Pynchon & rap

jbor jbor at bigpond.com
Tue Jul 10 19:09:53 CDT 2001


> They are at play to the degree that a reader might want to bring them into
> play and then follow Pynchon's text off into a chain of interpretations that
> may or may not have anything to do with what Pynchon actually wrote.

But 'The Star Spangled Banner' isn't directly mentioned either. Who brings
that into play? Not any of the characters whose discussion is being
represented, because in 1787 when the story-*telling* is set it wasn't
written yet!

> a South Philly musical experience that clearly recalls the early
> 60s 

??? What early 60s musical experience does it "clearly recall"?

> The way a particular reader makes the text "allude" to and "parallel"
> present trends and customs", isn't it.

Hang on a minute. Two days ago it was this:

> Since the major parallel that Pynchon sets up throughout M&D is 1760s
> (the period that encompasses the bulk of the novel's action)/1960s
> (the period of the youth and larger counter-culture rebellion to
> which P does in fact allude so often throughout the novel)

So when Doug says Pynchon refers to or alludes to or makes a parallel it's
Pynchon who's doing it. When anyone else proposes what Pynchon might be
alluding or referring to or parallelling, they're making it up?

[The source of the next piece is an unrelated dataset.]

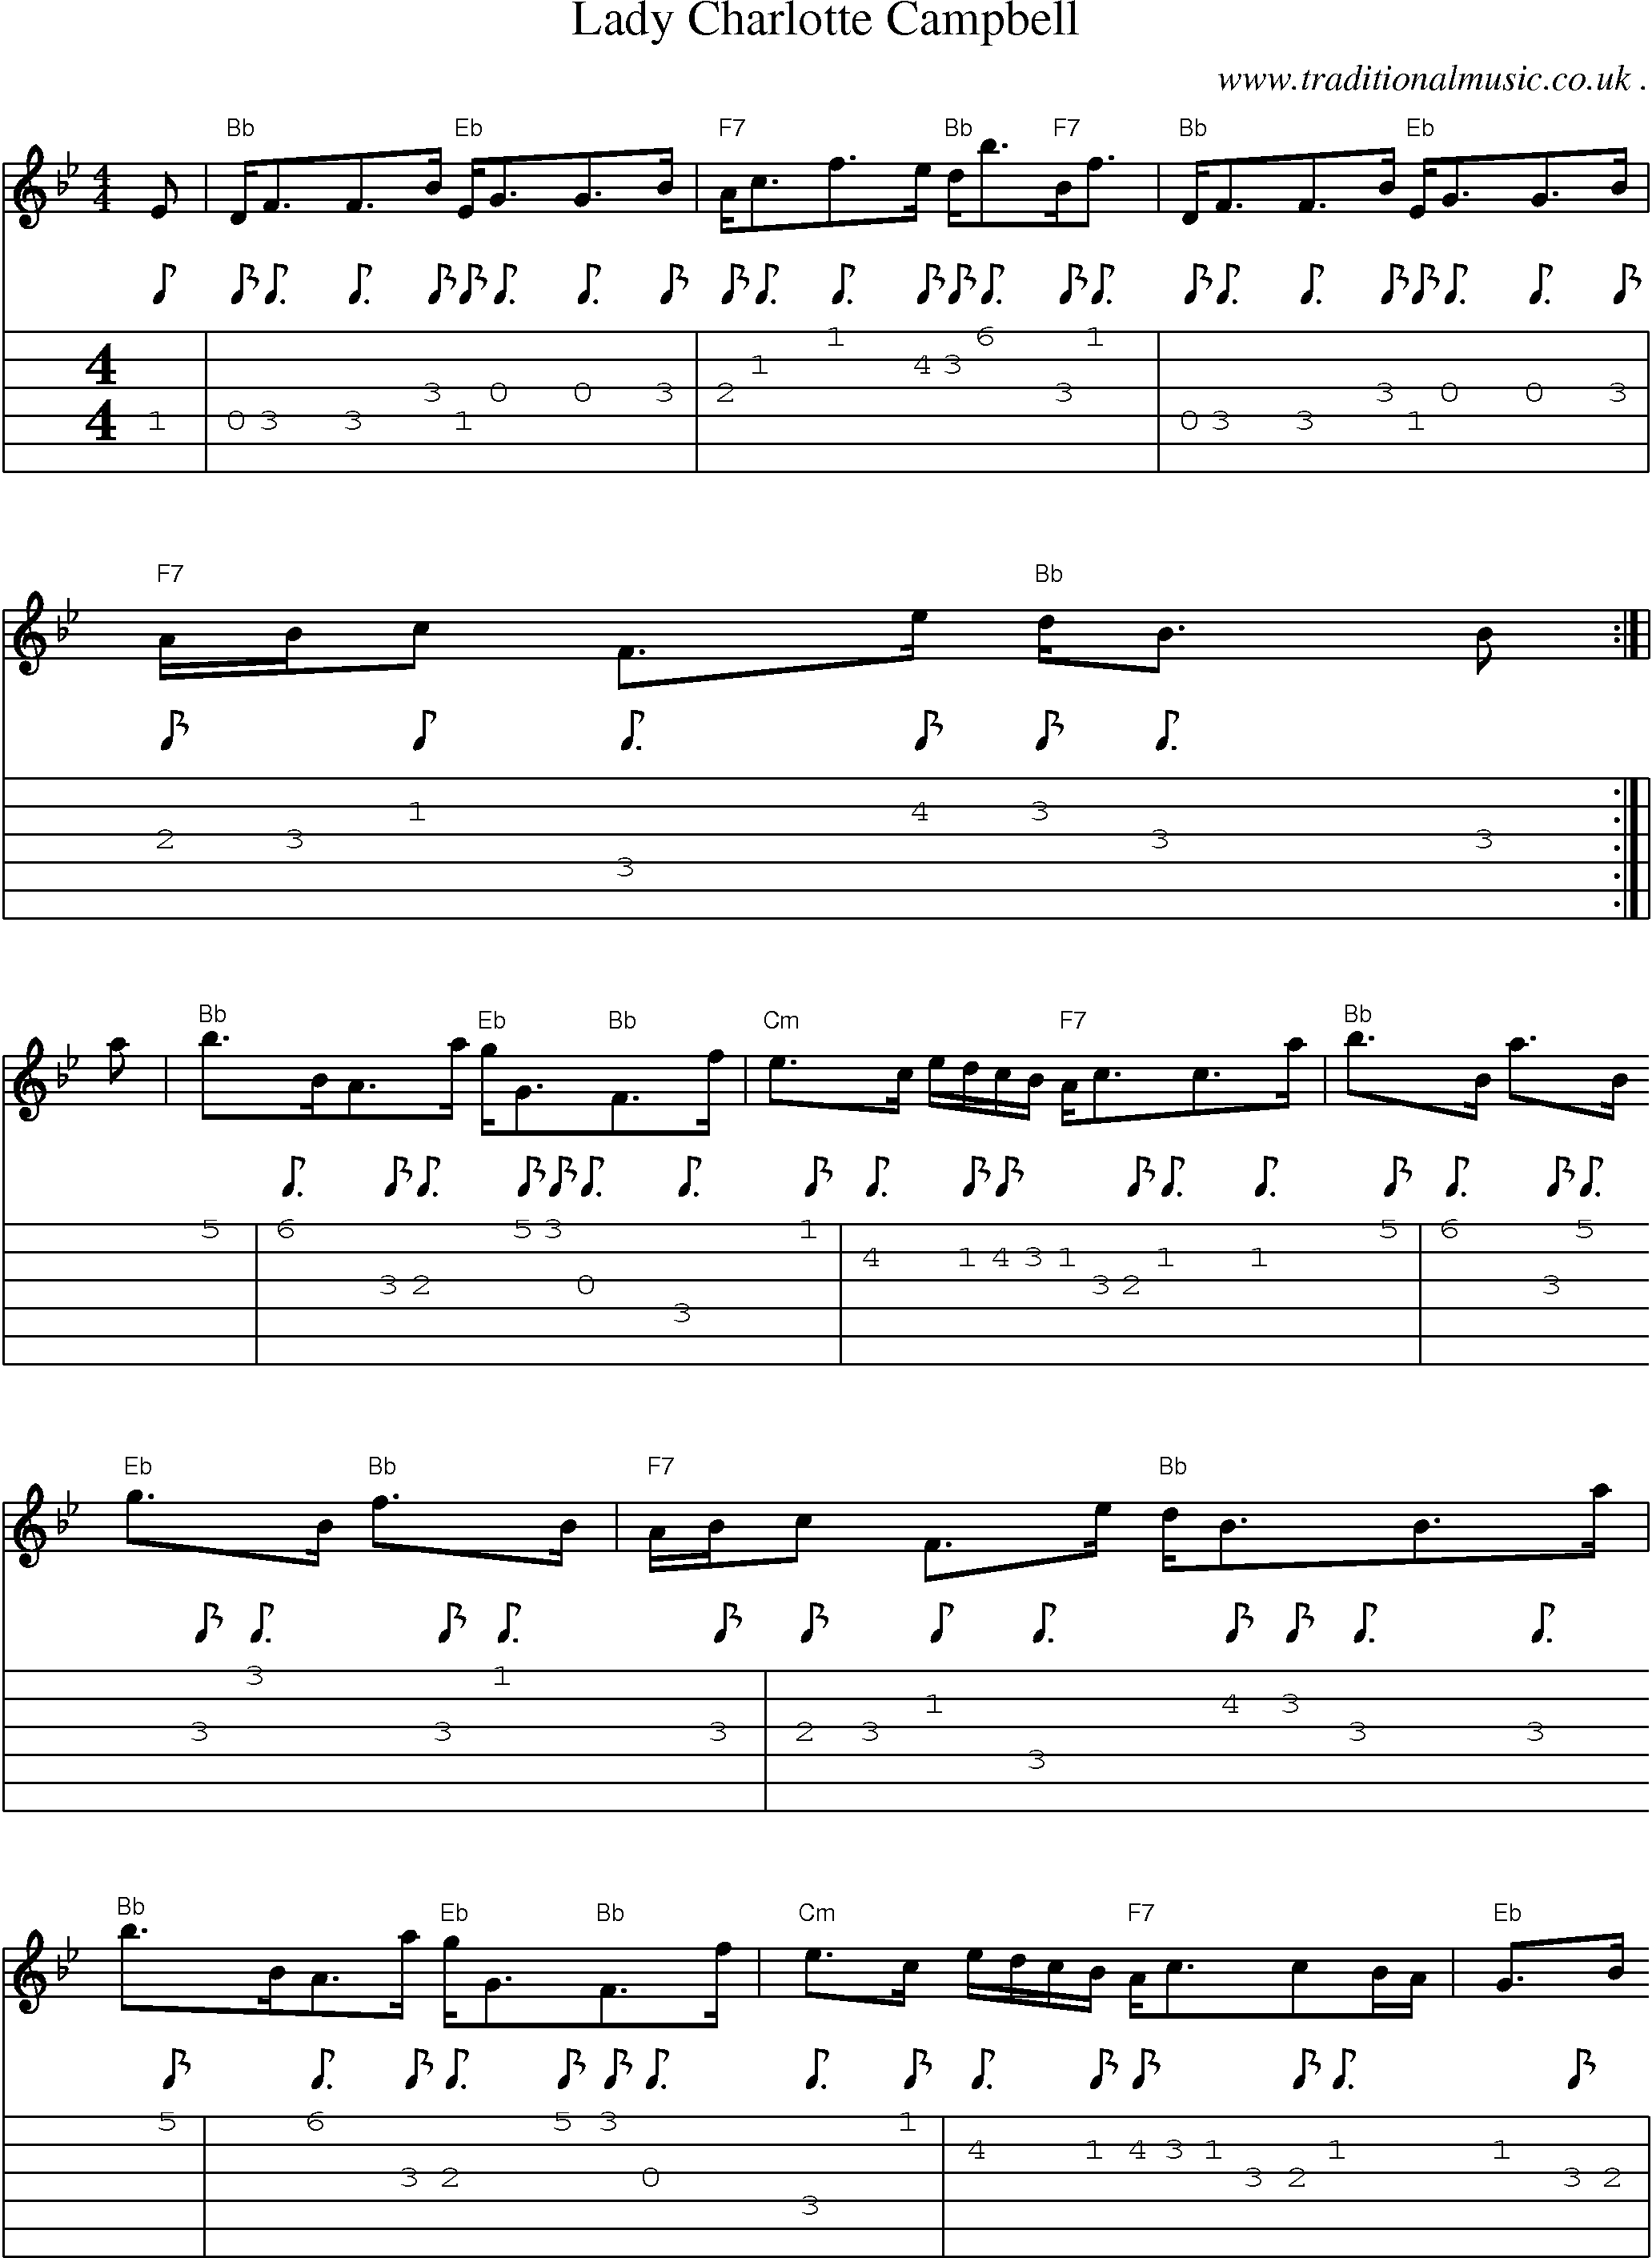 Sheet-music  score, Chords and Guitar Tabs for Lady Charlotte Campbell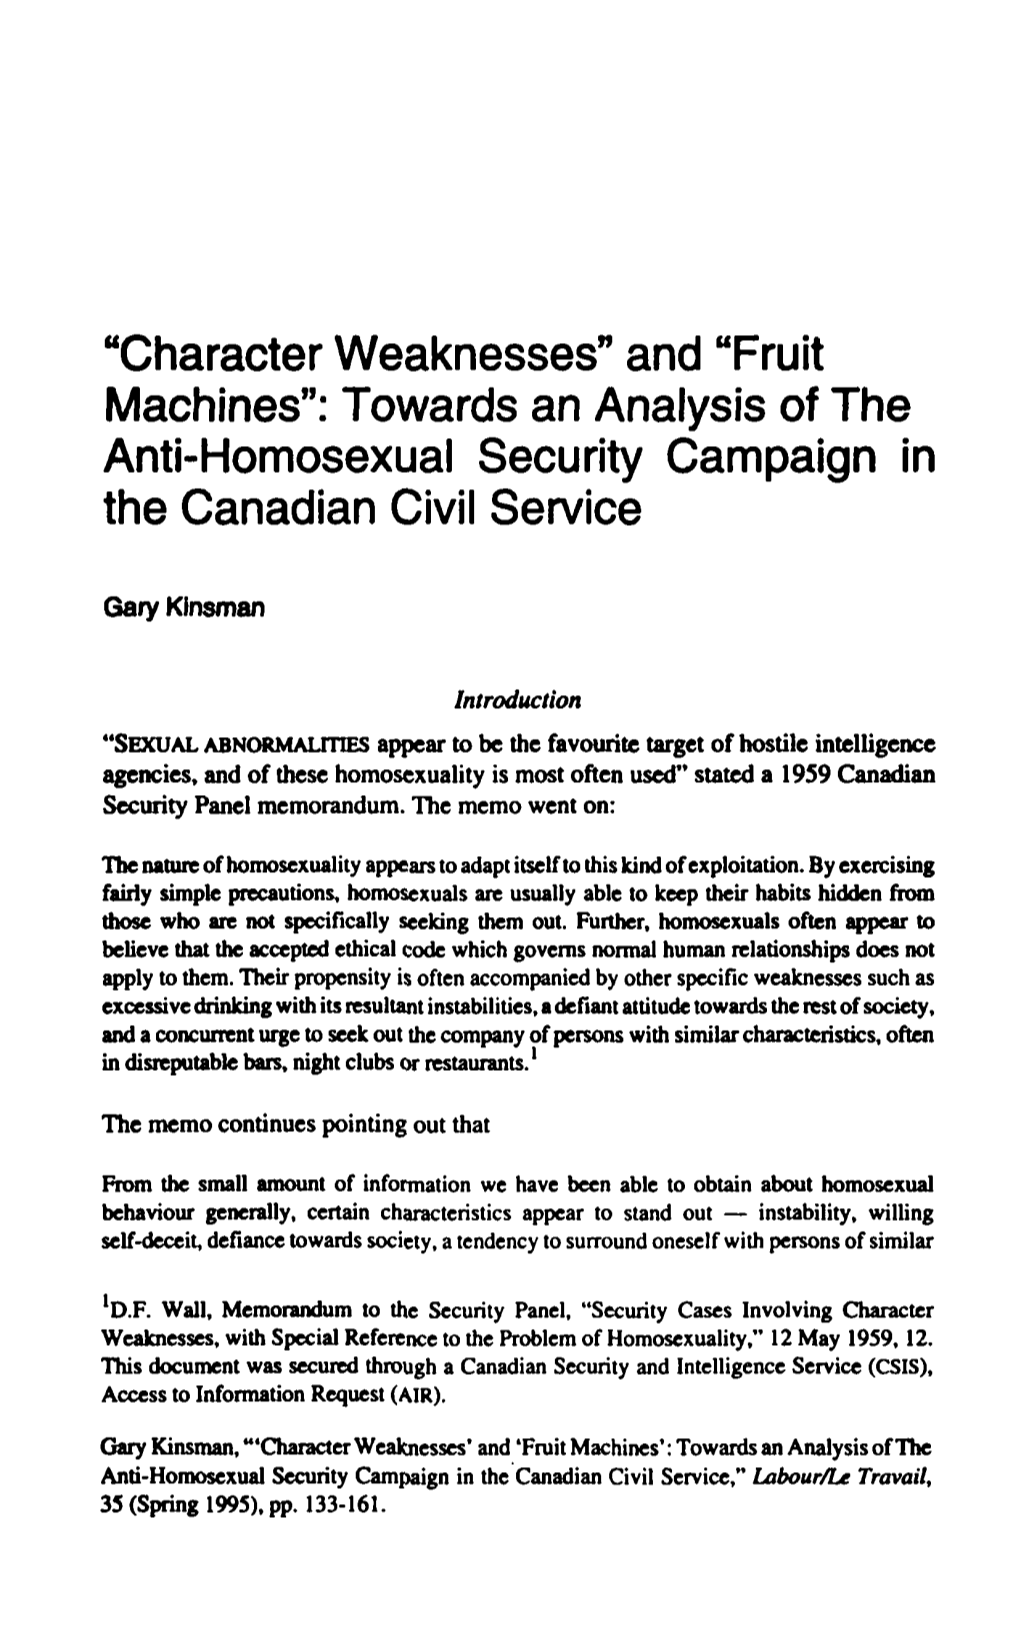 "Character Weaknesses" and "Fruit Machines": Towards an Analysis of the Anti-Homosexual Security Campaign in the Canadian Civil Service

Is that how
reading Pynchon's novels works?

> Pynchon wrote what he wrote, it's
> there on the page; we're now well within the parameters of a particular
> reader's response.

As we are when *anyone* reads and interprets a text.

> as he/she claimed so strenuously during GRGR and the
> discussion about Pynchon's references to the Holocaust,

Actually, the way in which _M&D_ is written and structured supports the
notion that the Holocaust, denoting the genocidal Nazi campaign in the 30s
and 40s against their own citizens and the subsequent murder of over
6,000,000 Jewish and other "undesirables", is largely absent from _GR_.
Through the various contemporaneous narrative perspectives taken up in that
novel, Pynchon demonstrates that many people on both sides of the war divide
didn't know, or didn't want to know, about the Holocaust. For those who came
in late, just daring to offer this interpretation caused Millison to slander
me over a two year period as a "Holocaust-denier".

> Hollander begins with Pynchon's text (specific character
> names, direct references to historial events, etc.) and follows them where
> they might lead, puts together a tentative interpretation about what it
> might mean to read this chain of textual references and illusions as a
> "second story", a subtext, alongside the text we get on the page

So, what's different about the interpretative processes everybody else here
is using? Why is Hollander's readings of a sub-text in Pynchon's text any
more authentic than anyone else's? If that is an insulting question to ask,
so be it.

> If one
> reader can turn an M&D reference to the American National Anthem into a
> reference to Eminem

No-one has done this, of course. The passage at 261-5 is not only or so
simply "a reference to the American National Anthem", surely? It refers or
alludes to many things, including an array of modern musical styles, and as
many others have agreed, eminem is interesting enough to discuss in the
context of this forum. Nothing I've read in any of Pynchon's texts supports
a contention that he disdains contemporary rap music. There's a temporal
leap, I agree, in saying that Pynchon refers to musical styles and
performers c. 2001, but insofar as contemporary rap and hip hop derives from
the same musical roots which Pynchon does allude to or reference in all of
his novels and some of his non-fiction, and in terms of the way that Pynchon
enfranchises the reader to move interpretation and discussion of the texts
into present and future contexts, then I really can't see what the problem
is. George W. Bush's presidency is not directly referenced in any Pynchon
text either, but as it is also something which has derived from the various
political currents and trends which Pynchon does refer or allude to, then so
has it been fair game here. What's the diff?